SOD and polyethylene glycol (PEG)-conjugated SOD (PEG-SOD): In humans, the three forms of SOD are SOD1 (Cu/Zn-SOD), SOD2 (Mn-SOD), and SOD3 (Cu/Zn-SOD), which are respectively sited in the cytoplasm, mitochondria, and outside the cell. In cats, the administration of SOD reverses the microvascular dysfunction post-TBI [113]. Transgenic mice overexpressing human Cu/Zn SOD activity have reduced acute injuries, prevented brain edema, and inhibited BBB permeability following TBI [114,115]. Studies using both Cu/Zn-SOD and Mn-SOD transgenic and knockout mice have further solidified the protective role of these enzymes against head trauma [115,116,117,118,119]. In a randomized controlled phase-II trial with more metabolically stable PEG-SOD (2000–10,000 U/kg intravenously administered 4 h post-TBI), the higher doses (5000 and 10,000 U/kg) decreased the duration when ICP > 20 mm of Hg. There was a statistically significant improvement in patient outcomes measured using the Glasgow Outcome Scale (GOS) at 3 and 6 months post-injury between patients who received placebo and those who received 10,000 U/kg PEG-SOD [120]. However, a subsequent larger phase-III randomized trial with higher doses of PEG-SOD (10,000 or 20,000 U/kg within 8 h post-TBI failed to show significant improvement in neurological outcomes or patient survival [121]. Nevertheless, it is imperative to shed light on a 4-h difference in the time of administration of PEG-SOD post-injury between these two trials.

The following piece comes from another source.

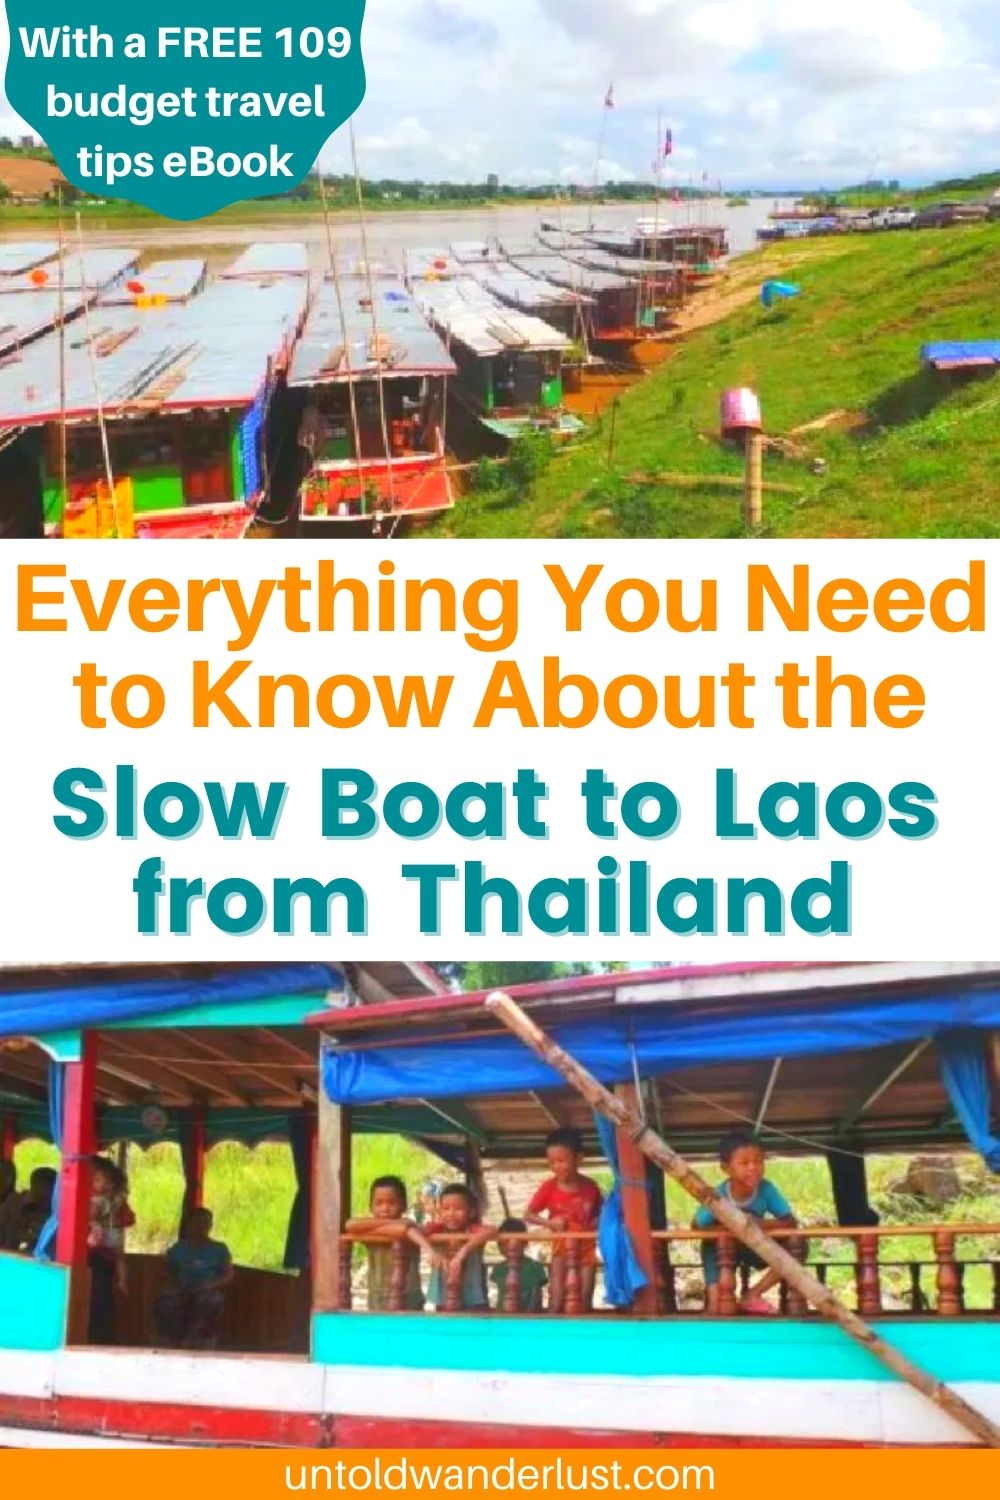 Everything You Need to Know About the Slow Boat to Laos from Thailand

OPC-14117: The superoxide radical scavenger “OPC-14117” reduced cortical damage and improved neuronal survival and cognitive functions following CCI in rats [122]. A controlled randomized trial assessing the safety of OPC-14117 (240 mg per day) in HIV-associated cognitive impairment found it to be tolerable and resulted in improvement of clinical global impression scale scores and nonsignificant enhancement of cognitive test scores [123]. In light of the neuroprotective effects of OPC-14117 in this preclinical TBI study and the safety of use in humans, the potential benefits of OPC-14117 treatment after TBI are worth investigating.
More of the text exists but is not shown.